On the contrary, in this novel process, two tubings, located within the same well casing, remain dedicated each to only one fluid, flowing continuously in a single direction. The steam tubing is always insulated and the temperature on the outer surface of its insulation is determined by that of the hot produced fluids flowing upwards rather than by that of the casing and surrounding rocks.
This reduces the temperature gradient across the insulation, so as to minimize the heat loss from the steam across the insulation layer. The unavoidable heat loss to the casing and to the cement and cold surrounding rocks is supplied mainly from the heat of the produced fluids stream. Consequently the steam quality of the injectant mixture arriving at the bottom of the steam tubing is much greater than in the conventional "huff and puff" process. This results in an increase of the oil/steam ratio, which is the essential economic parameter of any steam injection process.

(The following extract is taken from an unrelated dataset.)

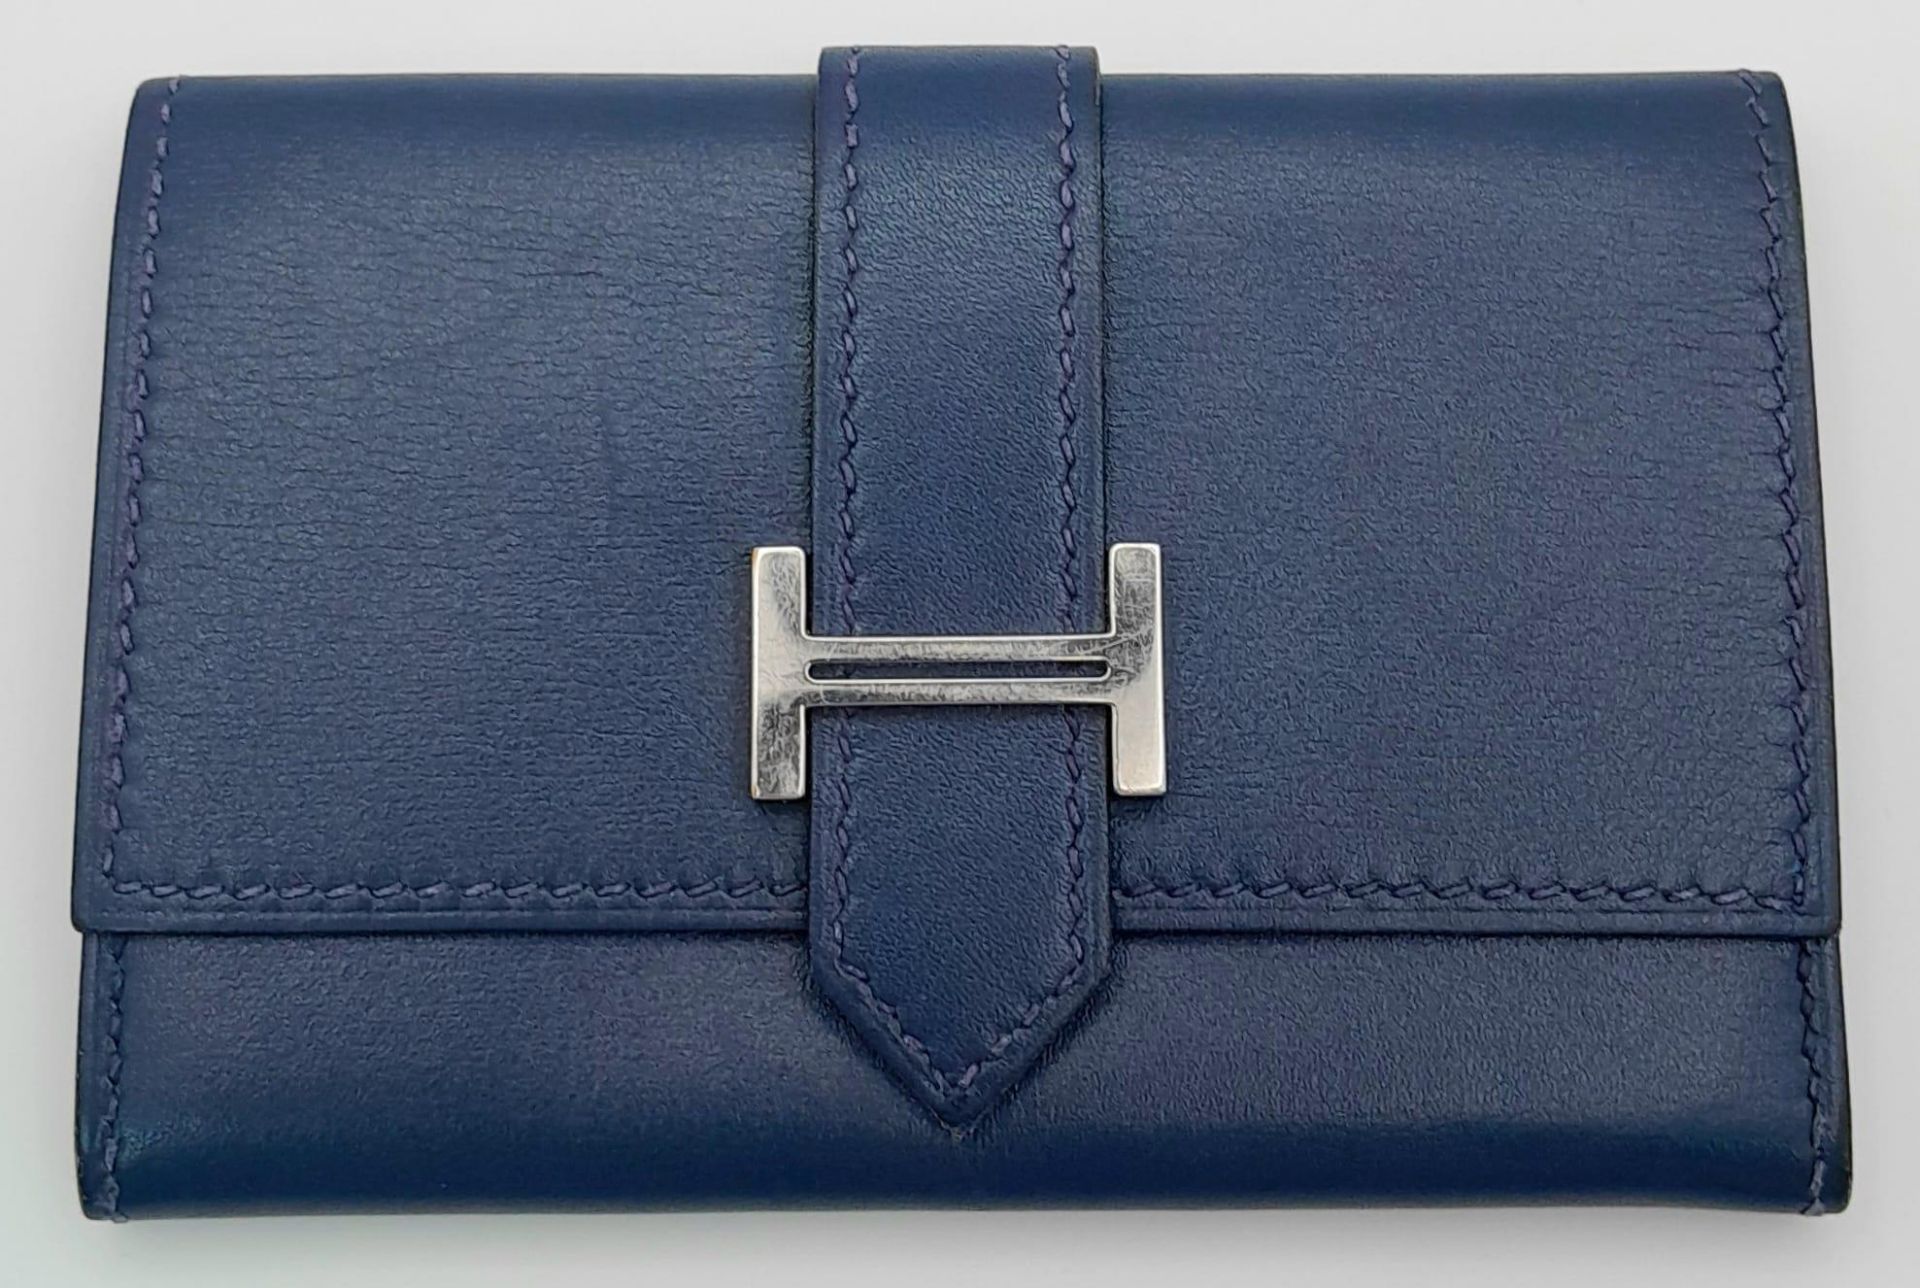 A Small Blue Leather Hermes Ladies Wallet. Flap design with Letter H branding. In good condition but

This desirable result, which allows the continuation of oil production from wells otherwise uneconomic under the conventional mode of operation, also allows to produce heavy oil from deeper reservoirs for which conventional techniques would lead to excessive degradation of the steam quality and from offshore wells at great water depth, which are presently unexploited. It is achieved by using at least two horizontal drainholes, connected to the same vertical cased well and by using a novel Downhole Valve Section of the type described in the companion application Ser. No. 510,596, filed on Apr. 18, 1990. This Section consists of a set of tubular flow paths connected respectively to the drainholes at one end and to the tubular goods respectively carrying produced fluids and steam, at the other end of said Section. Novel retrievable multi-way downhole valves located within these flow paths and controlled from the surface allow to connect each of the drainholes to either the steam tubing or the production tubing and vice versa in successive cycles, so that each drainhole operates in the "huff and puff" mode while each tubing remains dedicated to the flow of the same type of fluids in a constant direction, on a continuous basis.

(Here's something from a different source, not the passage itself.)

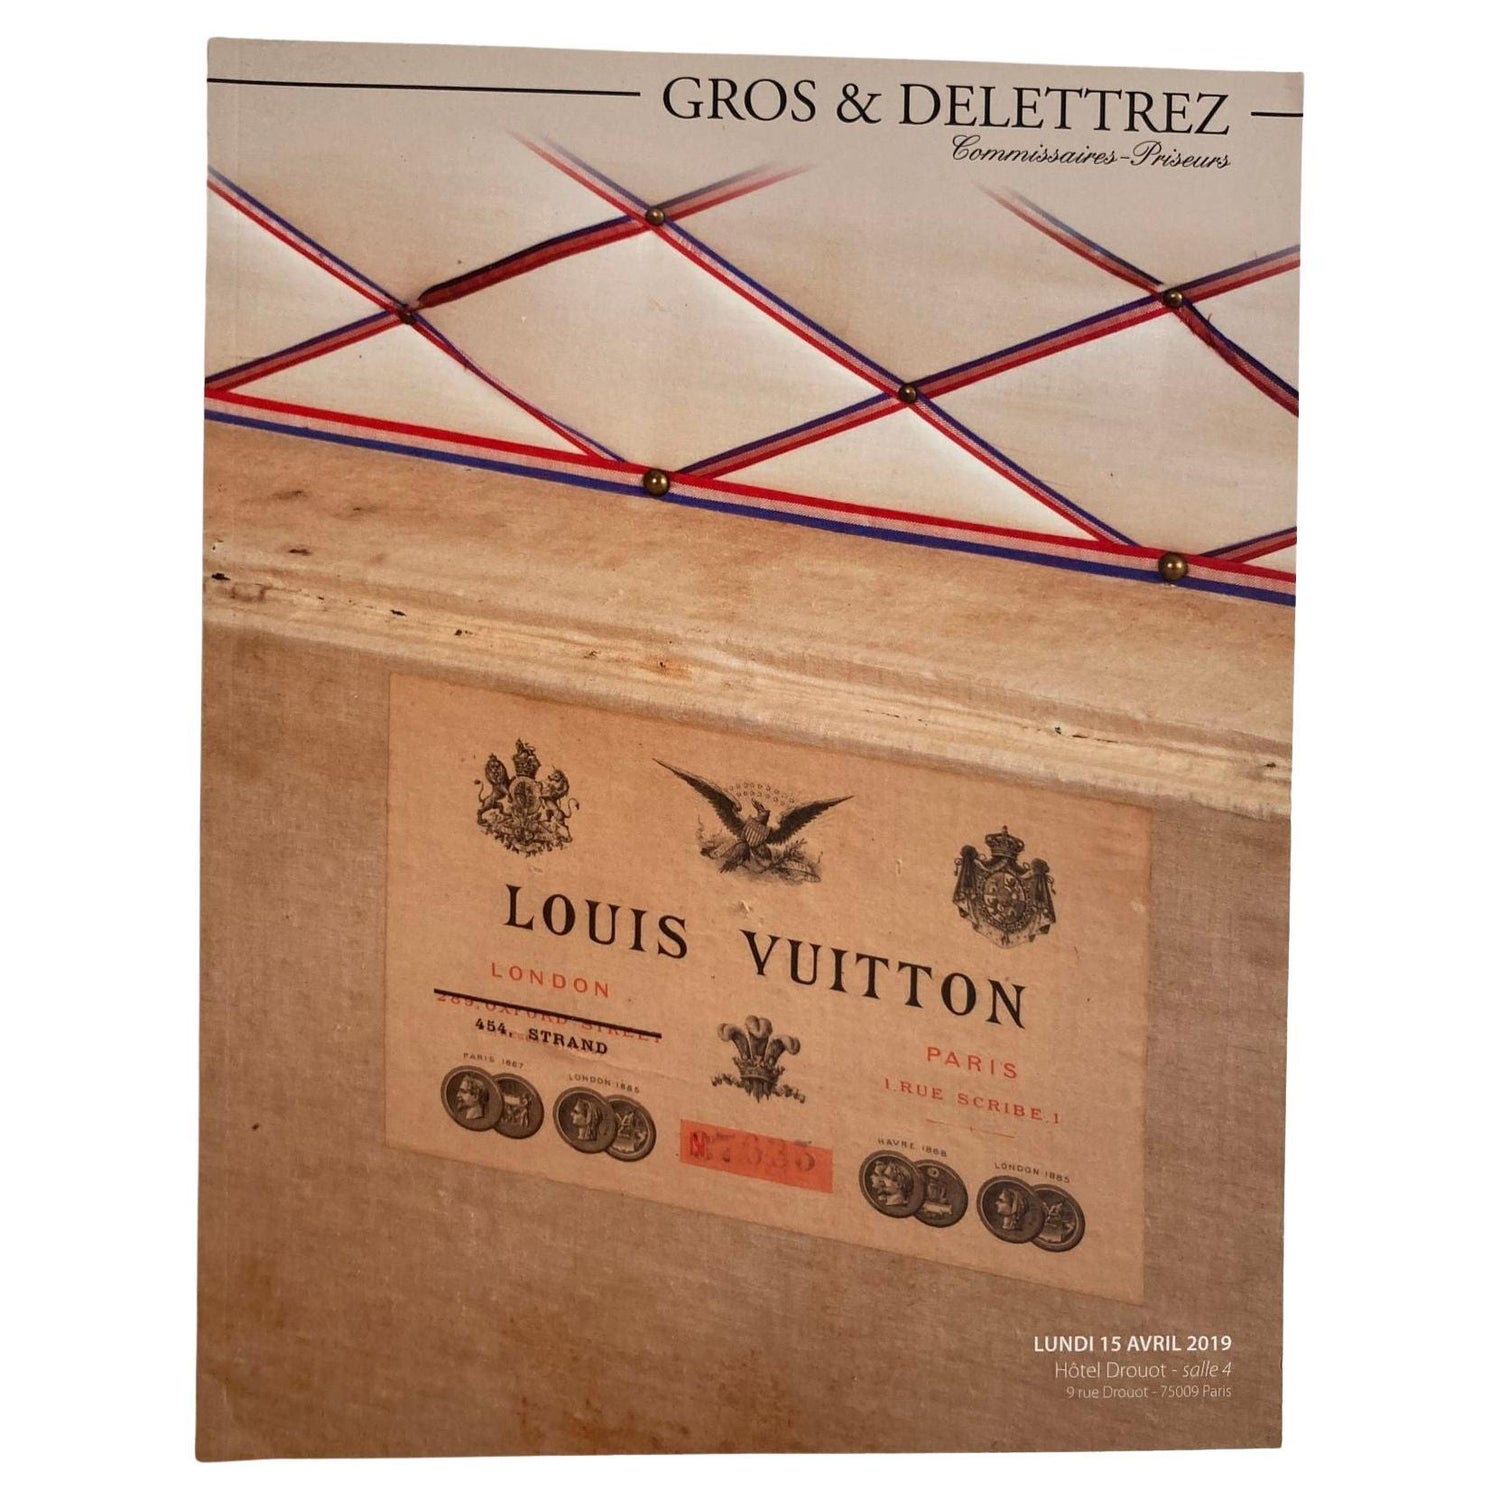 Louis Vuitton Trophy Trunks Recognized in New Assouline Coffee Table Book

The same process and equipment, which includes boiler and production facilities preferably dedicated to a single vertical well and its connected drainholes, largely reduces the need for long steam lines and flow lines at the surface, thus further reducing heat losses and capital costs per barrel of oil produced.
Following a period of "huff and puff" operation, the drainholes within the field may be easily converted to the steam flood mode of operation, without any change in facilities.
Finally, an important advantage of the present process over the conventional "huff and puff" steam injection techniques is that the temperature of all the tubular goods in the vertical well remains essentially constant while the drainholes are in the "huff and puff" mode. This greatly reduces the maintenance cost of the well, because most of the expense in the conventional process is directly attributable to the periodic variations in thermal stresses and in thermal expansion of those tubular goods. Such variations are the source of leaks at the well head and in both the surface steam and production flow lines, requiring constant monitoring and frequent repairs.
Oil-soluble gases and/or foam additives may be used in conjunction with steam in the present process to provide additional oil recovery, according to known processes.